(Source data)
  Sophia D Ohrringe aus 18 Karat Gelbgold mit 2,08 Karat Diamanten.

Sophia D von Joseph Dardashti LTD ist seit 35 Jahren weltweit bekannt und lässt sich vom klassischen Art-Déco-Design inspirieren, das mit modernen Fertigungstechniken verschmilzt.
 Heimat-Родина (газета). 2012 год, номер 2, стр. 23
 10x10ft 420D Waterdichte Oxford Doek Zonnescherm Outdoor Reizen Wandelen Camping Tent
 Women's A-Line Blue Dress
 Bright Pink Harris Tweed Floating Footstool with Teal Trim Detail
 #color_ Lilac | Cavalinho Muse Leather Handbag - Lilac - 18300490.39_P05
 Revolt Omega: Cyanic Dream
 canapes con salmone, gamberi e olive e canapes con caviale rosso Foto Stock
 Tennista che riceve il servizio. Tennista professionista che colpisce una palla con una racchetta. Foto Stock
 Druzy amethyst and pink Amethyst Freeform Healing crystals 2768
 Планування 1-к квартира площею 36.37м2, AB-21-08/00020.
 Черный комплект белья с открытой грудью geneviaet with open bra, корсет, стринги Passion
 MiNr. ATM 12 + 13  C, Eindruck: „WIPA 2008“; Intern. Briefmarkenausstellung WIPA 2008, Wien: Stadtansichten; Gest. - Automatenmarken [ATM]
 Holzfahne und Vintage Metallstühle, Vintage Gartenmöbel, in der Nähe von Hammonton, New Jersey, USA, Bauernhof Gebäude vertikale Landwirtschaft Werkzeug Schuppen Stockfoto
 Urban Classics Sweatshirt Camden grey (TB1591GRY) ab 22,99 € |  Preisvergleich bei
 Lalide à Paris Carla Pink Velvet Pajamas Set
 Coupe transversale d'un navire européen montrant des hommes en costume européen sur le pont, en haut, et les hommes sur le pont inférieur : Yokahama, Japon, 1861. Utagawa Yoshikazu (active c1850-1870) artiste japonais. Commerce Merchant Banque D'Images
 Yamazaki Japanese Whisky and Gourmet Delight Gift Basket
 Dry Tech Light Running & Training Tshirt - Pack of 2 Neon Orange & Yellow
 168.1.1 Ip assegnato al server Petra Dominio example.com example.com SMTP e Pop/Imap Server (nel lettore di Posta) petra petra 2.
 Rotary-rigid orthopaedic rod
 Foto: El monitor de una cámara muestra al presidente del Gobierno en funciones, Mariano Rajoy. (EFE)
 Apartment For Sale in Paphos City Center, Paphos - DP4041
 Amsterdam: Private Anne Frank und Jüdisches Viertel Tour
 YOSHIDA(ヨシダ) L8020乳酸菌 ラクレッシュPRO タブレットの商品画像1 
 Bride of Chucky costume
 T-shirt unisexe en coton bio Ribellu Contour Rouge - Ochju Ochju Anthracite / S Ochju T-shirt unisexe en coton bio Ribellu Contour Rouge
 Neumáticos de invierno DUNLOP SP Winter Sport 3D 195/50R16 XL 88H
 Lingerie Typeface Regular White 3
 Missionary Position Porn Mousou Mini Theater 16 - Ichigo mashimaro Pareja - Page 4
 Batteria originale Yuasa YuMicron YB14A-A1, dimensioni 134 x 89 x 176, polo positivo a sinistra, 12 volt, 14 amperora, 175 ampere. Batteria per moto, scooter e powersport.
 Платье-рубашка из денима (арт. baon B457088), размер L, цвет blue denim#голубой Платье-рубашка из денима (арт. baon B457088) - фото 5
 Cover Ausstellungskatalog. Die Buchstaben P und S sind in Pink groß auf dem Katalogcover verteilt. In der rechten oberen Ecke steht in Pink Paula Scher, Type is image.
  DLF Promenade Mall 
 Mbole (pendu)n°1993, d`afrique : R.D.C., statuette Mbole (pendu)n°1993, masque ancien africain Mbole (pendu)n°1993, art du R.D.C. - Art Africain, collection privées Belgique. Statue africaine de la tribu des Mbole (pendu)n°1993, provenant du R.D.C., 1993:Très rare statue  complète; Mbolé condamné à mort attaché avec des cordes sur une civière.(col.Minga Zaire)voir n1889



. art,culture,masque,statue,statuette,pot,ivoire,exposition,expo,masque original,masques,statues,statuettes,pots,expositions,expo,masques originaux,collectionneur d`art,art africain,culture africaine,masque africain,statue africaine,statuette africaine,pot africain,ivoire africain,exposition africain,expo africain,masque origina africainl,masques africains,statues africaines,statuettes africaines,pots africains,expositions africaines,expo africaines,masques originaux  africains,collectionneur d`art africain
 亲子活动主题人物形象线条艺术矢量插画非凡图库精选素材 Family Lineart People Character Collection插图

» **What is being asked**:
Produce only the lines from the line containing "Lalide à Paris Carla Pink Velvet Pajamas Set" through the line containing "Dry Tech Light", inclusive of both, exactly as they stand in the entries above.

» **Response to this exercise**:
 Lalide à Paris Carla Pink Velvet Pajamas Set
 Coupe transversale d'un navire européen montrant des hommes en costume européen sur le pont, en haut, et les hommes sur le pont inférieur : Yokahama, Japon, 1861. Utagawa Yoshikazu (active c1850-1870) artiste japonais. Commerce Merchant Banque D'Images
 Yamazaki Japanese Whisky and Gourmet Delight Gift Basket
 Dry Tech Light Running & Training Tshirt - Pack of 2 Neon Orange & Yellow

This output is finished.